Low compression packing a game-changer

Mr Jones said the wool trade is currently dumping 112-120 bales into a 20 foot container, or about 112 loose farm packs into a 40 foot container, or about 144 bales as a mixed dump into a 40 foot container. Mixed dumping didn’t appear to be very cost efficient, but low compression dumping would give AWH a competitive advantage in creating an end-to-end solution, he said.

AWH owned the rights to a low compression system originally developed to compress cotton bales, which it is looking at rolling out through its network. It reduced the time needed to pack a 40 foot container.

“It is only just slightly more expensive than doing farm packing and we get 144 versus 112 bales into a (40’) container,” Mr Jones said.

“It’s a big game-changer for us from a handling perspective.”

Container value proposition suits triangulation strategy

Mr Jones said the significant disparity between the value proposition for 20 foot and 40 foot containers used for imported goods had created an excess of 40 foot containers in Australia.

“So they (40’ containers) are relatively cheap compared to 20’ containers, except out of WA.”

Whereas years ago AWH would have dumped 93-95pc of its wool, this was now below 50pc, and the trend was continuing, he said.

Mr Jones said triangulation to minimise movement of containers is one of the challenges facing AWH, especially across regional areas.

“Triangulation of containers is where we believe the greatest efficiencies in cost reductions will be gained.

“It is relatively simple in metropolitan areas, but is infinitely more complex in regional areas, but AWH is scoping out how to do it across its full network.”

The company is also looking at its store locations, inter-modal sites and rail transport of full containers to ports. Mr Jones said he hoped to co-operatively generate benefits for brokers moving wool from their stores to ports through its in-house freight forwarding business and transport solutions.

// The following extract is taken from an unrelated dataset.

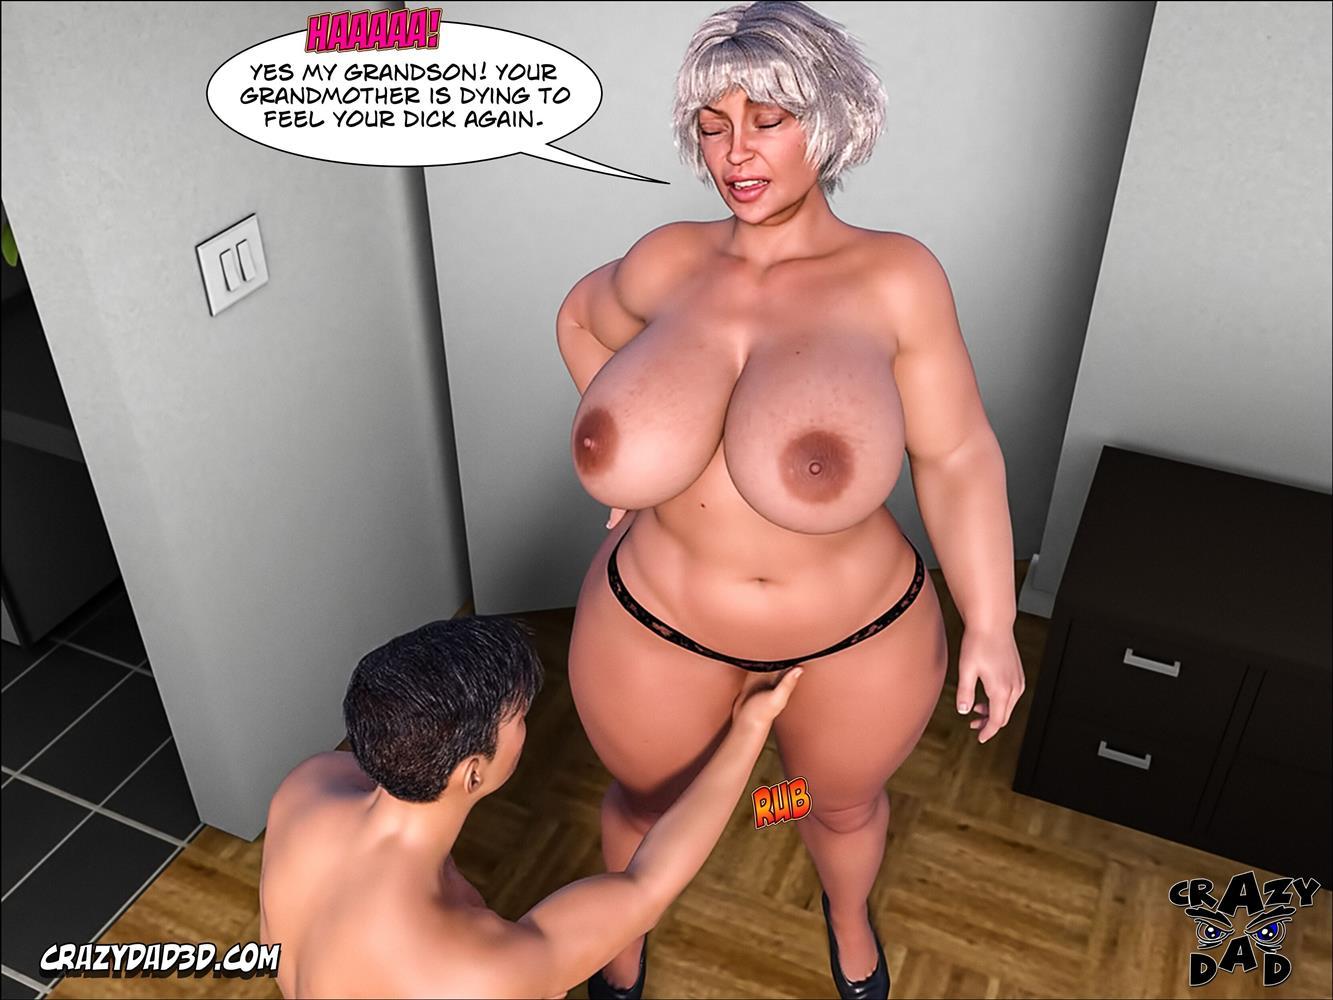 Daddy Crazy Desire 5 [Crazy Dad 3D] - Foto 56
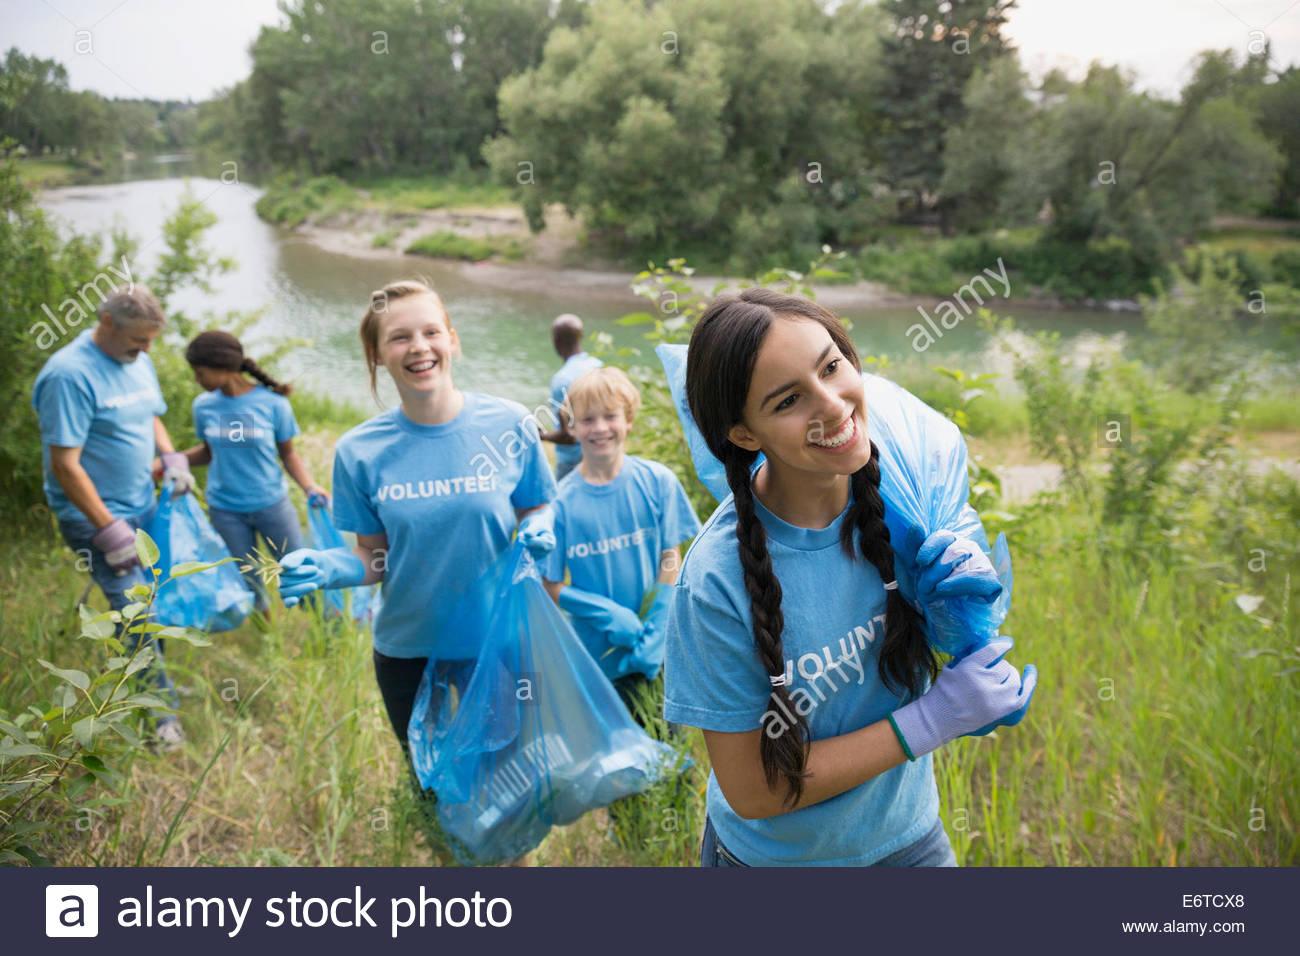 Los voluntarios llevar bolsas de basura en el campo Imagen De Stock

“We believe there is a huge opportunity for this, this is something that I’m very passionate about.

“Quite apart from improving our internal process, I believe that having a cohesive end-to-end logistics solution for wool to China for this industry is something that we should work more on.

“It is something that we want to offer the marketplace,” Mr Jones said.

AWH is owned by one of Australia’s largest wool brokers Landmark and DP World Australia, Australia’s largest container terminal operator, which has terminals in Brisbane, Sydney, Fremantle and the Port of Melbourne. DP World Australia is a subsidiary of the UAE-owned DP World. Landmark is owned by the Canadian-based agricultural services and product company Agrium Inc.